MR31B-08
The Damage Structure of the Gole Larghe Fault Zone Inferred From Laboratory Measurements and Modeling of Physical and Hydraulic Properties

Wednesday, 16 December 2015: 09:45
302 (Moscone South)
Marieke Rempe, Ruhr-Universität Bochum, Bochum, Germany, Thomas M Mitchell, University College London, London, United Kingdom, Joerg Renner, Ruhr University Bochum, Bochum, Germany, Steven A.F. Smith, University of Otago, Dunedin, New Zealand and Giulio Di Toro, University of Padua, Padua, Italy
Abstract:
The Gole Larghe Fault Zone is an exhumed ancient fault zone located in the tonalitic Adamello batholith in the southern Italian Alps. The presence of pseudotachylytes (solidified melt created during rapid frictional sliding) shows that it has been seismically active before exhumation. Previous studies of meso- and microscale fracture densities and orientations showed that the damage structure of the fault zone is highly symmetric with respect to the fault core and that several sub-zones can be distinguished. These structural data are now linked to laboratory measurements of ultrasonic wave velocities and permeabilities on samples taken along a 1.3 km long transect perpendicular to the fault strike to further characterize its damage structure, fluid flow properties, and sealing history. Additionally, we aim to link the various physical properties of the damaged rocks by modeling crack densities, orientations and aspect ratios.

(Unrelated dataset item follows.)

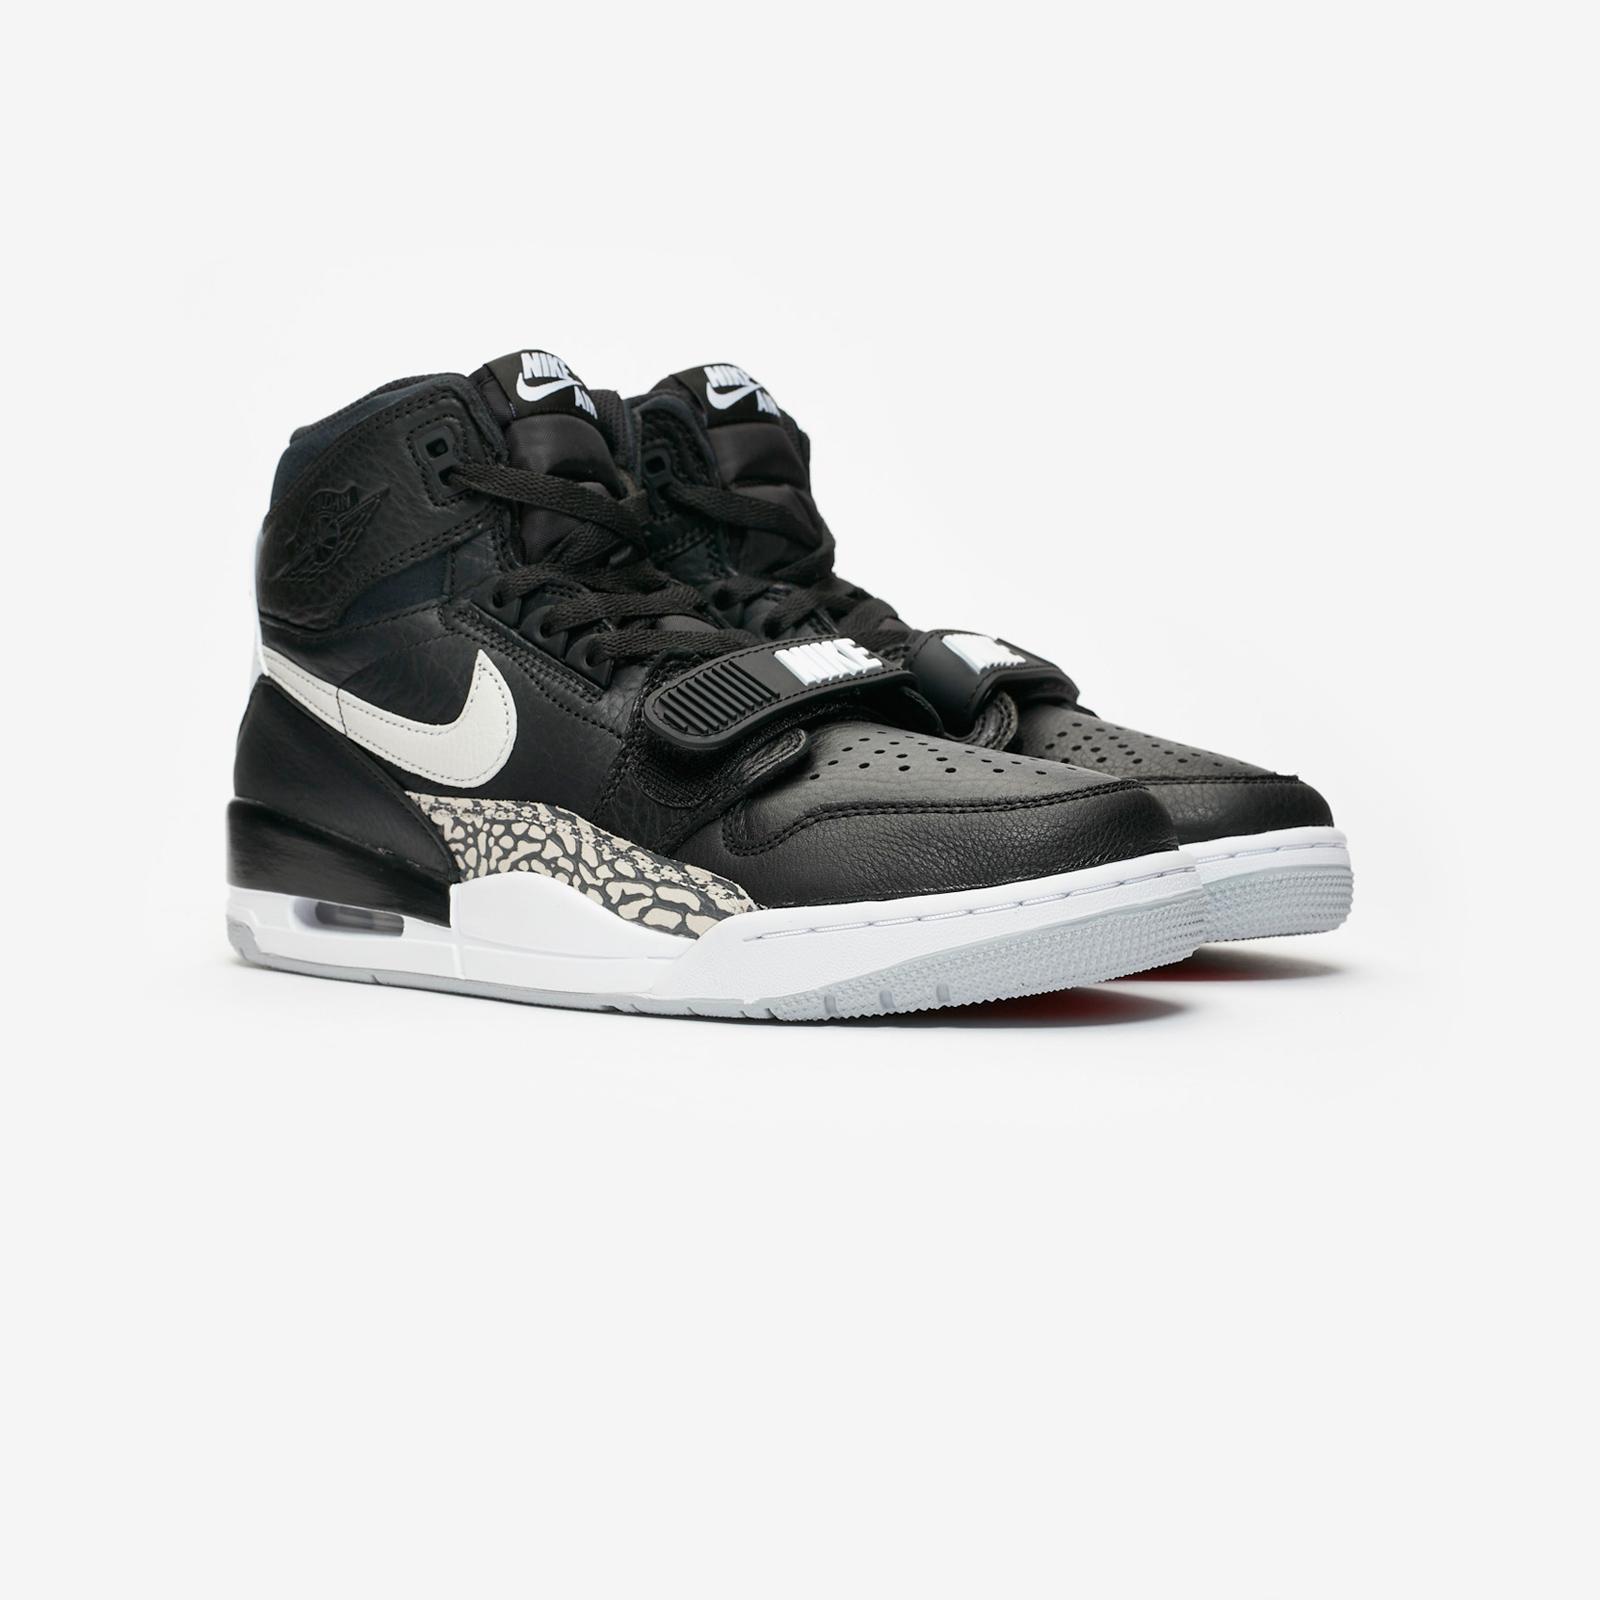 best website 4a9be b6a0c Jordan Brand Air Jordan Legacy 312 - Av3922-001 ...
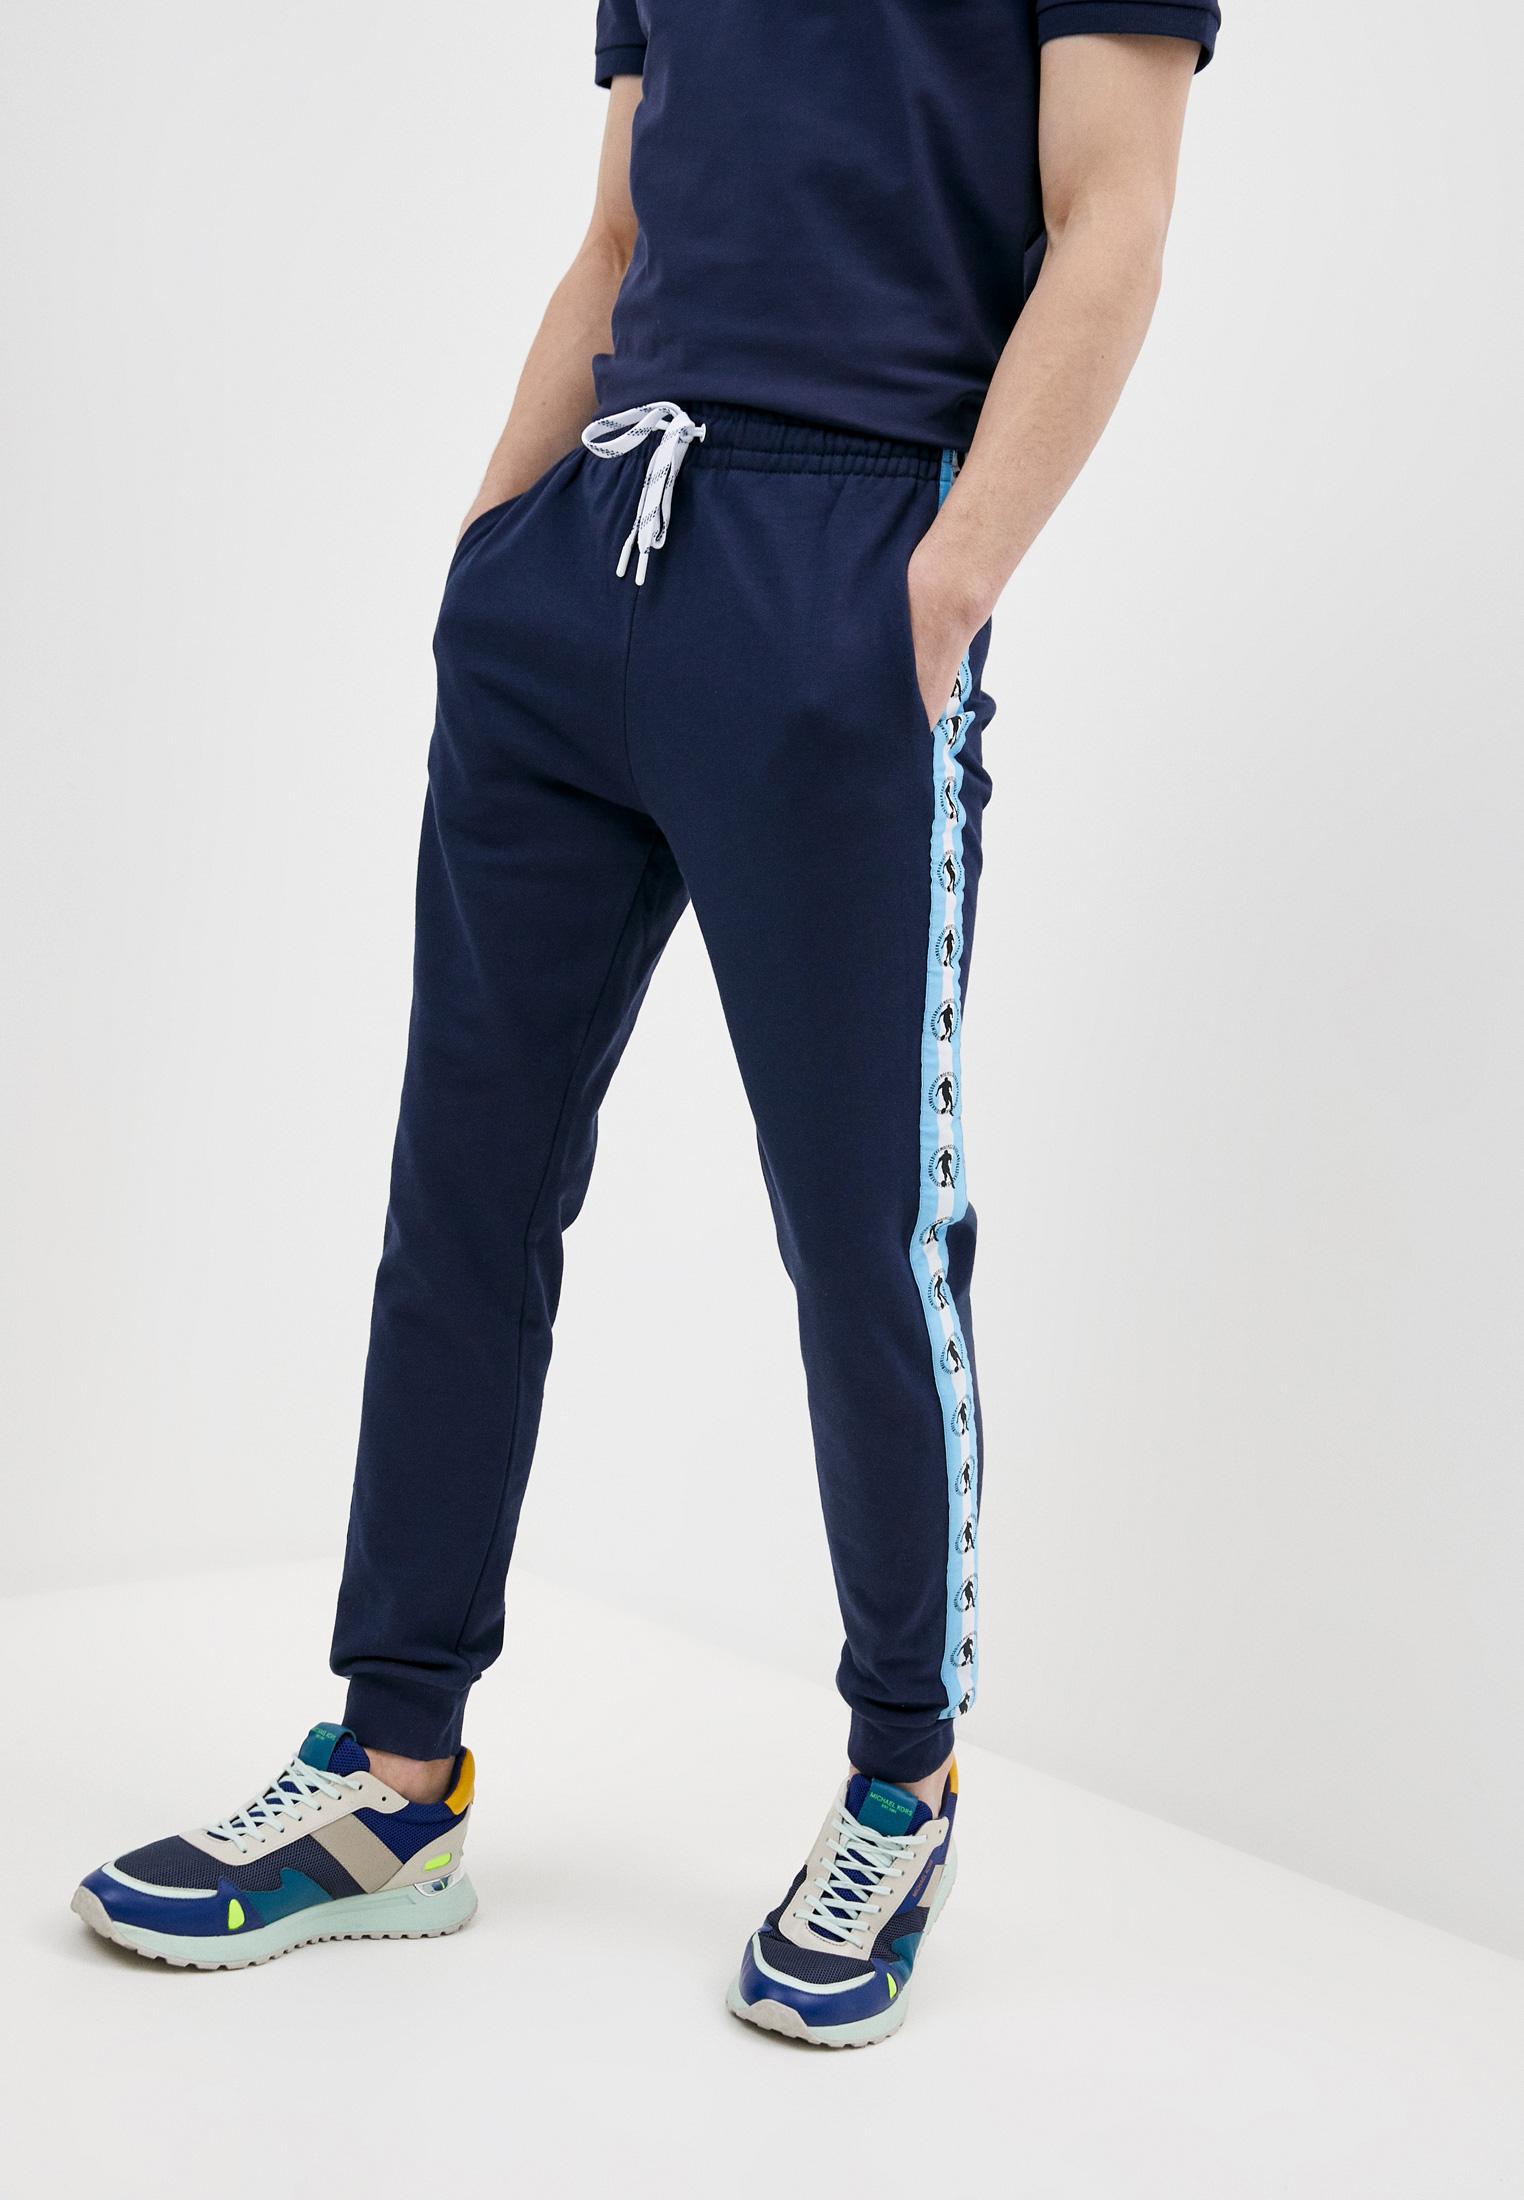 Мужские спортивные брюки Bikkembergs (Биккембергс) C 1 182 80 M 4278

Laboratory ultrasonic wave velocities and permeabilities correlate systematically with the microfracture density across the Gole Larghe Fault Zone: P-wave velocity is high in the wall rocks, where microfracture density and permeability are low, and low in the damage zone, where microfracture density and permeability are high. In the core zone, microfractures were pervasively sealed by syntectonic mineral precipitation (mainly epidote and K-feldspar), leading to high P-wave velocities and low permeability. The alteration by sealing poses a limitation to the application of the modeled properties: as the model treats rocks with sealed microfractures as intact, the physical properties might be consistently modeled, but they lose their relation to the initial damage state.